Former Chief Justice of India Y.V. Chandrachud. Photo: PIB

In  Special Reference Case 1 of 2002, while answering an advisory opinion sought by the president on the question of holding assembly elections in Gujarat in the aftermath of the post-Godhra carnage against minorities in the state, the Supreme Court held that holding of free and fair elections is a basic feature; therefore, the Election Commission was bound to hold elections within six months of dissolution of the assembly.   The EC wanted to delay the holding of elections in the state, in view of the tense situation in the state at that time, notwithstanding its constitutional obligation to hold the elections in time.

Over the years, the basic structure doctrine has been used more as an interpretative tool to test the validity of a law or executive action or determine the meaning of a constitutional provision.

BSD and recently decided cases

In K.S. Puttaswamy v Union of India, the Supreme Court’s nine-judge bench held that when a constitutional right such as the right to equality or the right to life assumes the character of being a part of the basic structure of the constitution, it assumes inviolable status:  inviolability even in the face of the power of amendment.   Statutory rights are subject to the compulsion of legislative majorities.  The purpose of infusing a right with a constitutional element is precisely to provide it a sense of immunity from popular opinion and, as its reflection, from legislative annulment.   Constitutionally protected rights embody the liberal belief that personal liberties of the individual are so sacrosanct that it is necessary  to ensconce them in a protective shell that places them beyond the pale of ordinary legislation; Entrenched constitutional rights provide the basis of evaluating the validity of law, the bench held.   These observations are a clear pointer that BSD can be applied to test the validity of ordinary laws, whatever the previous precedents.

Justice J. Chelameswar, in his separate and concurring judgment in Puttaswamy, observed:  “The implications arising from the scheme of the constitution are the “constitution’s dark matter” and are as important as the express stipulations in its text.  The principle laid down by this court in the Kesavananda that the basic structure of the constitution cannot be abrogated is the most outstanding and brilliant exposition of the ‘dark matter’ and is a part of our constitution, though there is nothing in the text suggesting that principle. …  Romesh Thappar and Sakal Papers are the earliest acknowledgement by this court of the existence of constitution’s dark matter.  The series of cases in which this court subsequently perceived various rights in the expression ‘life’ in Article 21 is a resounding confirmation of such acknowledgment”.

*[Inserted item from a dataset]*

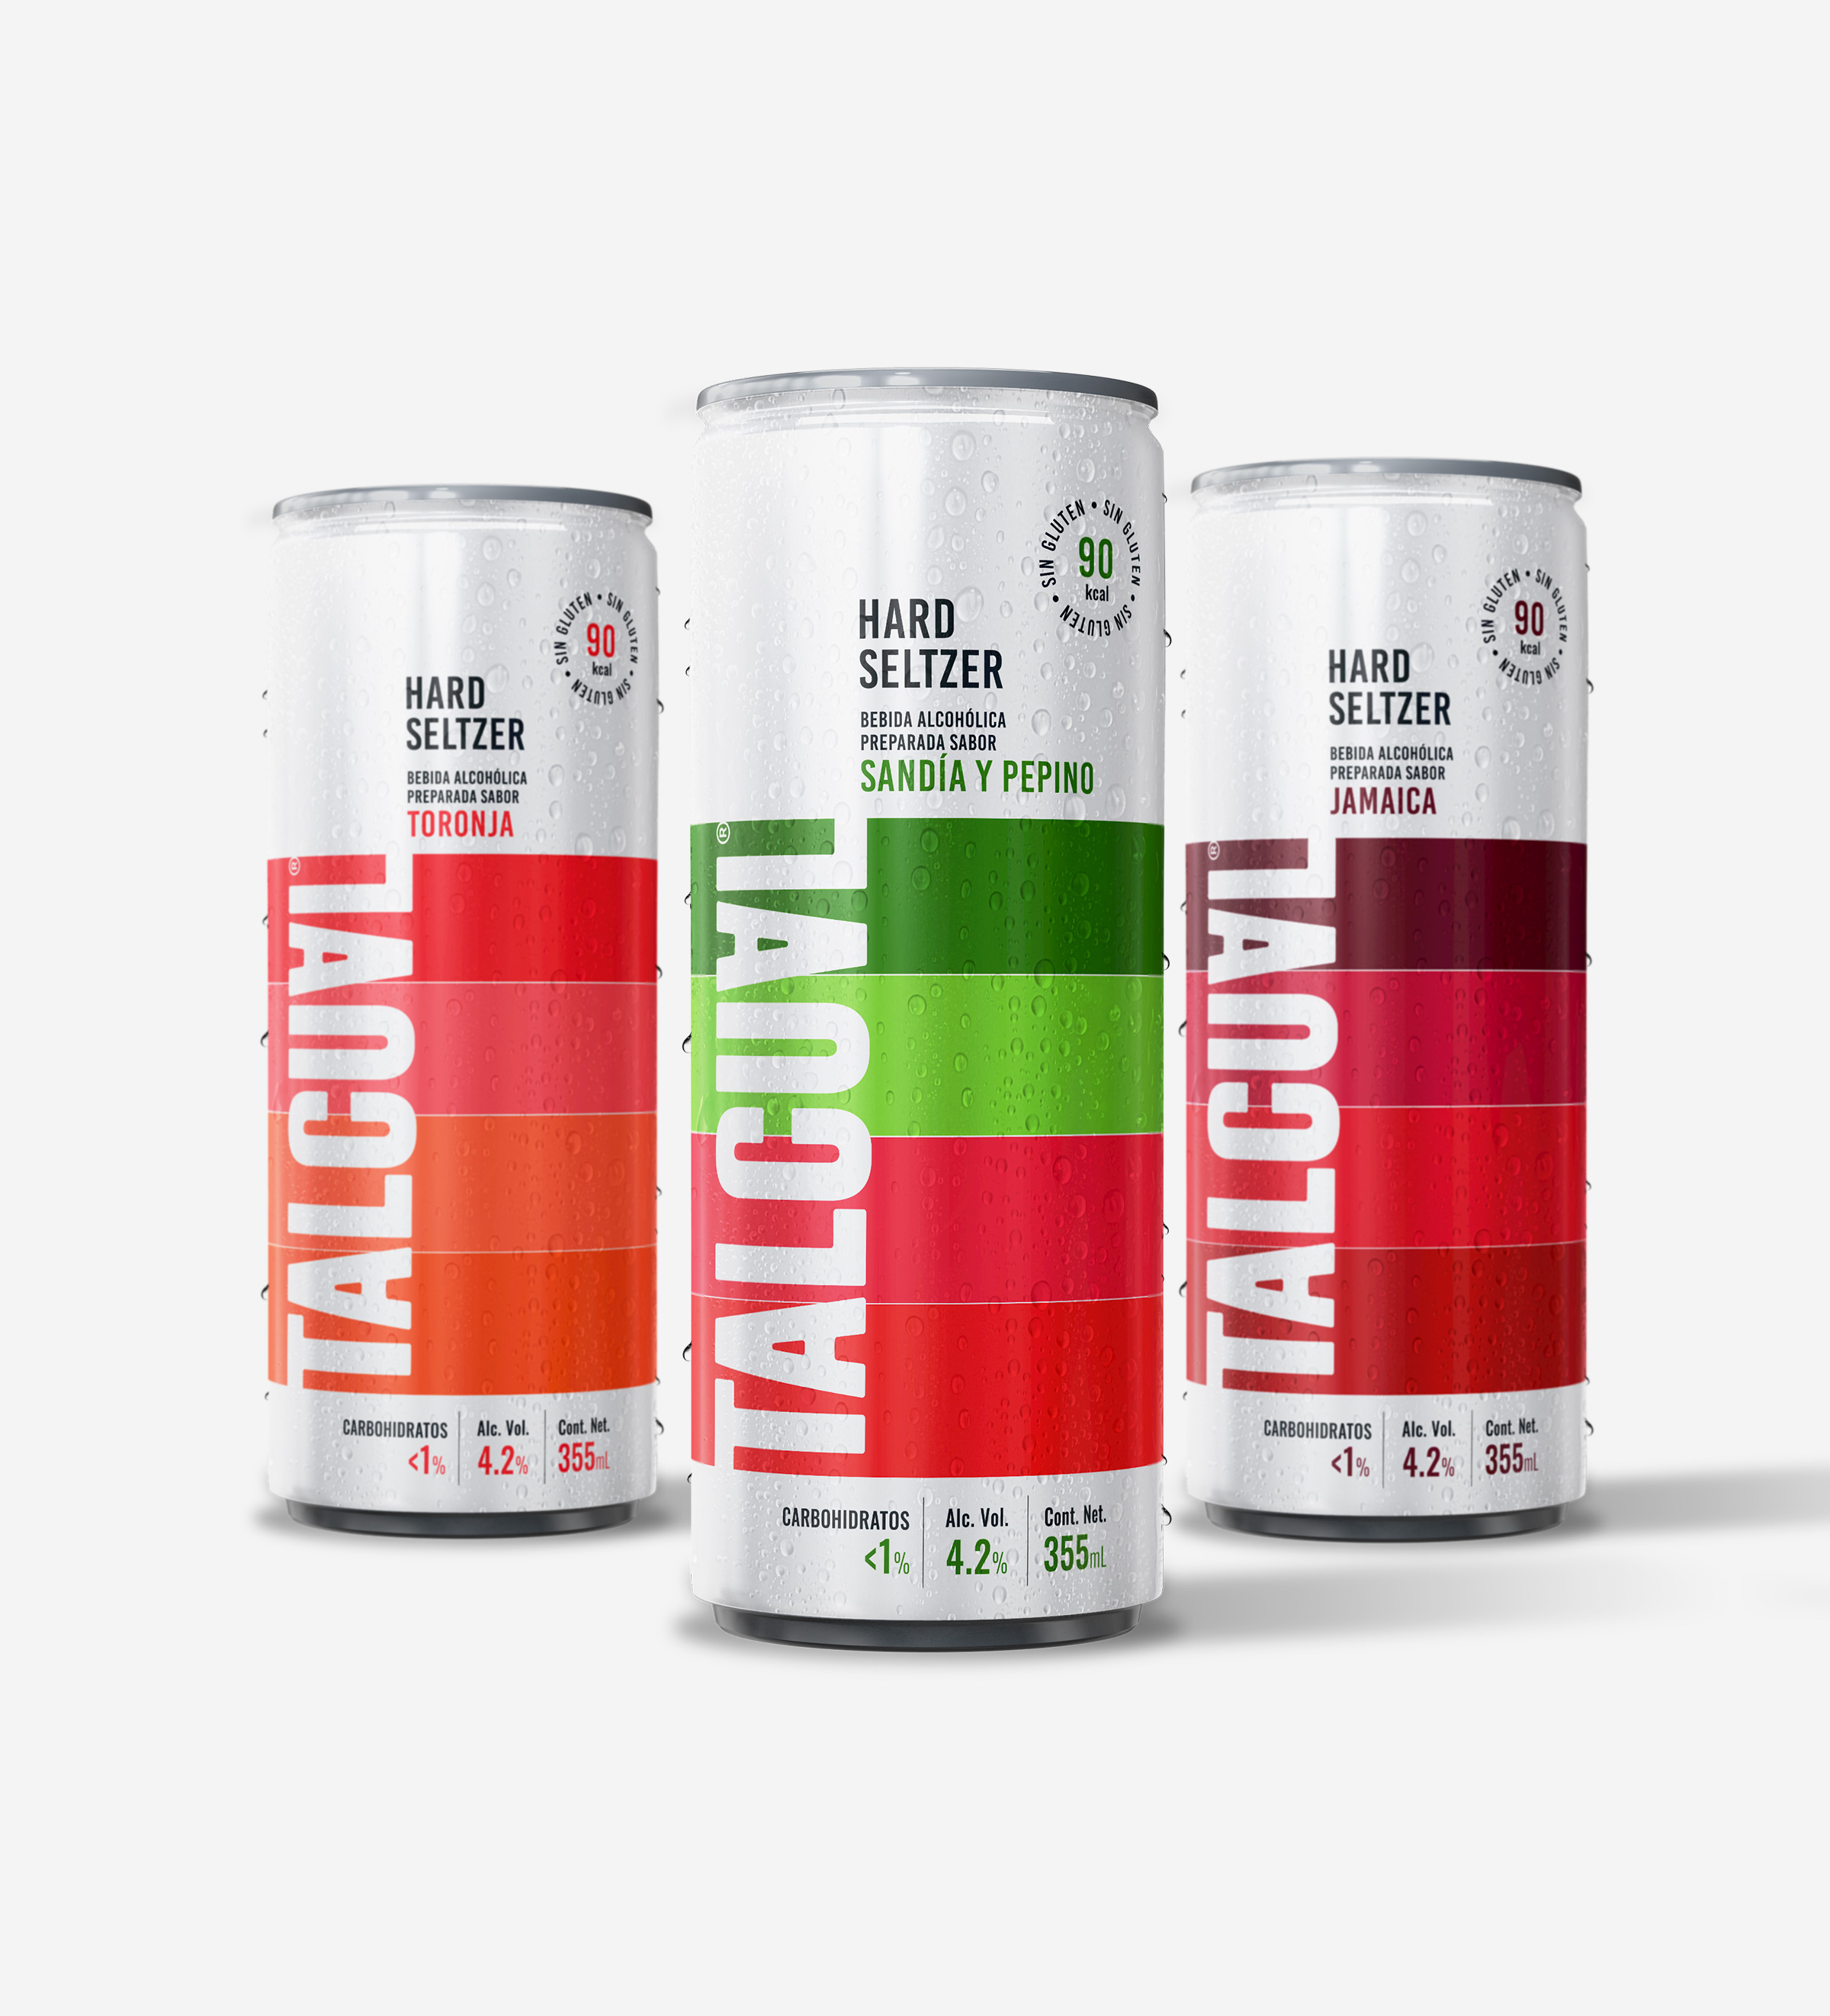 Talcual Hard Seltzer Naming, Branding and Packaging Design by Viernes

In the Ayodhya judgment, the Places of Worship Act, 1991 came for review.  The bench held that the state has, by enacting the law, enforced a constitutional commitment and operationalized its constitutional obligations to uphold the equality of all religions and secularism which is a part of the basic features of the Constitution.   The bench relied on S.R. Bommai v Union of India, in which the Supreme Court reiterated that secularism is a basic feature of the Constitution as affirmed in Kesavananda and Indira Nehru Gandhi.  “Any step inconsistent with this constitutional policy is, in plain words, unconstitutional”, the court had observed in that case.  The Act is intrinsically related to the obligations of a secular state, the bench in the Ayodhya case said.

A November 1990 photo of the Babri Masjid, still standing. Photo: PTI

Curiously, though the decision in the Ayodhya case was expected to deal more with secularism as a basic feature, the court invoked its relevance as a facet of BSD only while discussing the Places of Worship Act, 1991 in the judgment.  Many, therefore, would consider the bench’s non-reliance on BSD to reach its conclusion in the Ayodhya case a disappointment. Rather, the court decided the case the way it did because it paid only a lip service to the BSD, by relying on it just in passing, to suggest how to deal with such issues in future.

As the Supreme Court braces itself to decide the pending cases which implicitly involve an interpretation of the Constitution’s ‘dark matter’, it is its judgment in the Puttaswamy case which should offer it guidance, rather than its silence in the Ayodhya case.

BSD and the future of democracy

Against this back drop, a key question for our times is whether the basic structure doctrine can come to the rescue of Indian democracy in the face of a ruling dispensation determined to push its agenda?

The answer to this perhaps lies in how the Supreme Court’s judges  consider the application of the basic structure test to particular cases before them. Experience suggests that if they find alternatives to adjudicate an issue, they prefer those alternatives, rather than to use the basic structure test. In a given case, it may prove to be an easy alternative for a judge to rely on an abstract principle, and consider it as a basic feature of the constitution.

In many cases, however, judges find it problematic to apply the BSD to a given case when the impugned amendment/law/executive action only seeks to tweak or tinker with the constitution, but does not threaten to bring down its edifice.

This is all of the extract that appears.